Insight into the power of the Emailage network
Since the start of 2020, many of us have been asked to do things differently. While we’re #stayingin, we’re buying more online. With the spike in e-commerce volumes new fraud trends are emerging. Vice President of Product, Harshad Agashe shares what fraud we can see and why we can see it on the Emailage global network.
As part of the Emailage, a LexisNexis Risk Solutions Company virtual event series Harshad Agashe, VP of Product and Sarah Lewis, Director of Customer Success from Emailage discussed what fraud we can see and why we can see it on the Emailage global network.
What are the key learnings from today’s webinar?
Sarah Lewis: Today we want to provide you with insight into the power of the Emailage network. I talk to lots of customers at various different stages in their customer journey and sometimes there’s a misconception that Emailage is just a static look-up email service. This is certainly not the case. It is so much more than that. That’s what we really want to share with you today. We will show you how a fraudulent email starts its journey and moves through our network. Hopefully that will help you understand that our network is made up from dynamic data and is constantly evolving.
Can you explain the journey of a fraudulent email in our network? Based on a specific use case.
Harshad Agashe: Emailage saw this individual email address: firstname.lastname@example.org. We saw it for the first time from an airline in Latin America on May 21st 2019. We approved the first transaction as we didn’t have any history on the email address, it seemed legitimate. Then we saw it on a payment provider on the same day, but with an IP address from a proxy which was risky. Then there were a couple other signals. The address was a slightly higher risk as well. We then marked the second transaction as higher risk, and recommended that it be reviewed by the payment provider.
Then on May 23rd, two days later, we saw the same email being used on an airline in Mexico. At this point we had multiple data points to look at including velocity checks and this email was popping up across different industries and companies in a very short period of time. So at that point, we marked it as a high-risk email. Therefore, it fell into our risk band 6 category and we recommended a decline on the transaction. In the next seven days, we saw this email being used across almost eight different companies across South America and five different countries including Panama, Chile, Colombia, Costa Rica and US.
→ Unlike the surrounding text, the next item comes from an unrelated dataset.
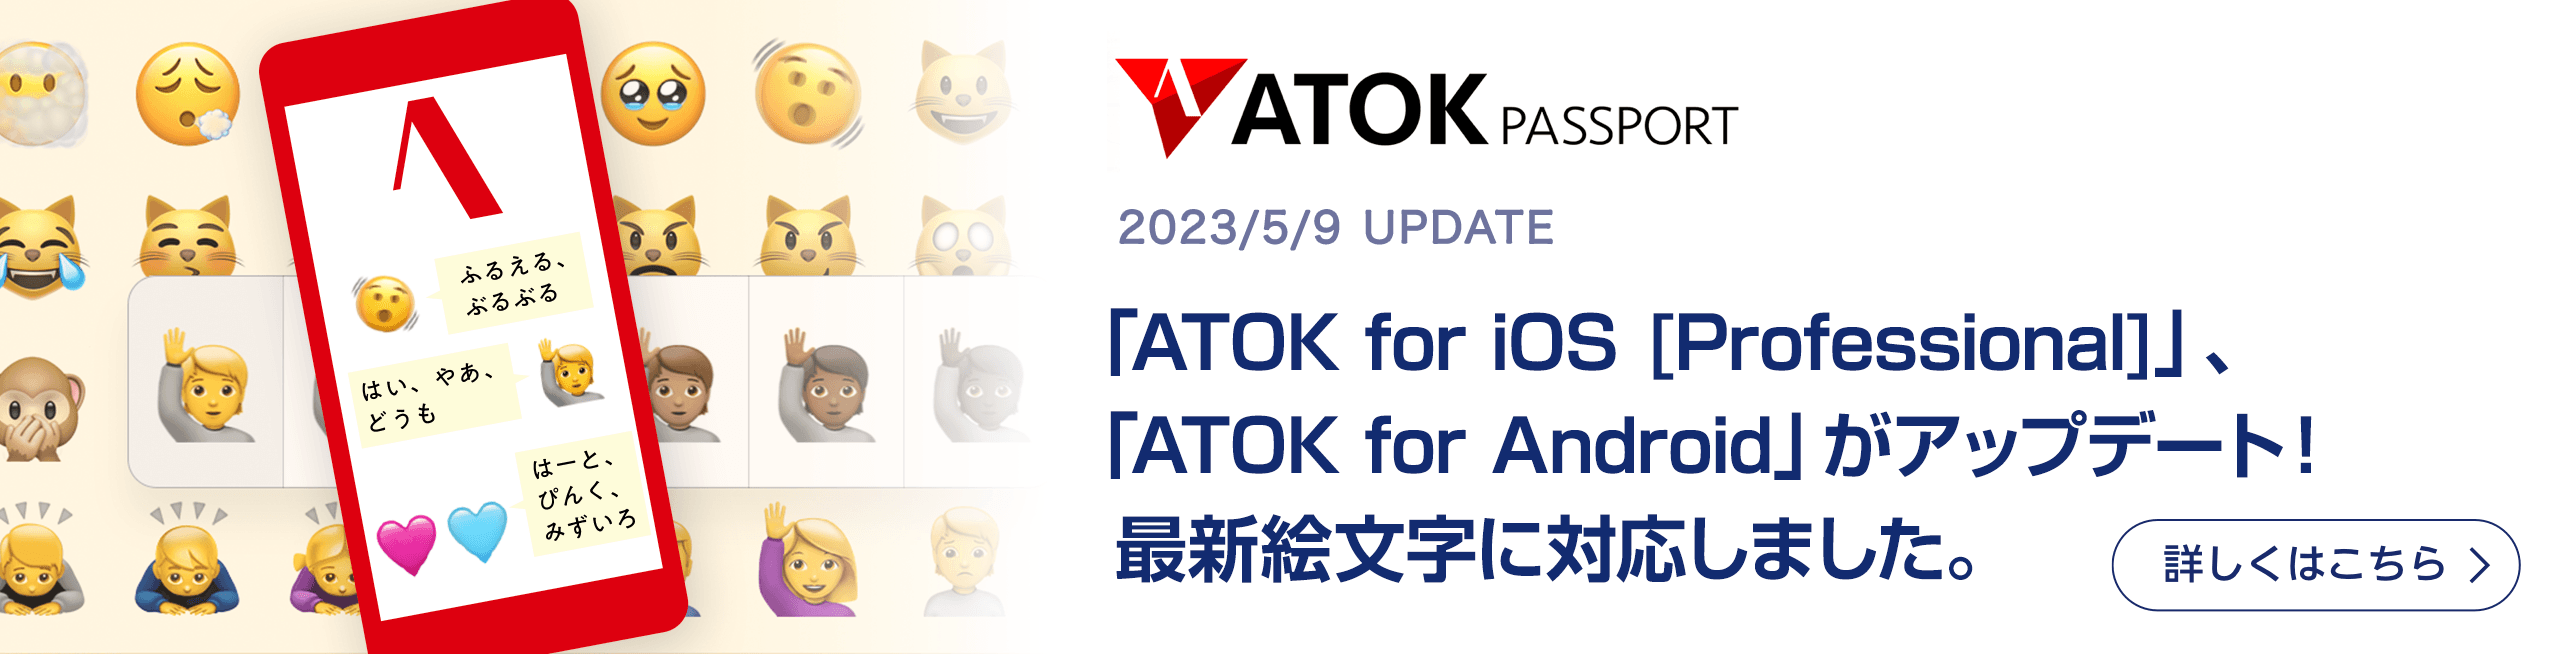 「ATOK for iOS [Professional]」、「ATOK for Android」がアップデート！最新絵文字に対応。

The email was also being used on proxies across different countries and the physical addresses used was across five different countries. The fraudsters had taken control on some shipping addresses as well including phone numbers. That’s primarily because the addresses have to match with the billing information on the card.
Fraudsters go to great lengths to create these digital identities using different phones, addresses etc. A network like Emailage is made up of a consortium of members with all our clients. They are the partners that contribute to the network. That’s the reason when you have a network like this, you get visibility into all these actions. That’s why we could stop eleven of the twelve fraud cases.
In the next three weeks, we received confirmation of the fraud from our clients that these transactions were actually fraud after they reviewed the transaction or received a chargeback. This is how our network works in action. Remember, it’s not just email addresses which we track, we also can do the same for a phone number, IP, shipping address or a billing address.
Sarah lewis: It just goes to show how powerful the IP addresses are in determining fraud as well. I know a lot of our listeners do understand but some clients that I’m working with at the moment are having difficulty with sending the IP address to Emailage for various reasons.
Harshad Agashe: Agreed, the IP address is a very predictive indicator of fraud. Phone numbers are also important. The more data you add to the identity, the better you can start connecting the dots.
I think that every data element adds value, which you should share. Additionally, as a client, each data point you share with us adds 20 to 30 percent capacity for us to return more predictive output data.
What is your key takeaway message to the audience?
Harshad Agashe: If we work together, then we can be very proactive in identifying fraud cases for you but this also benefits everyone else in the network. Ultimately, this makes the world a safer place. Let’s Outsmart Fraud. Together.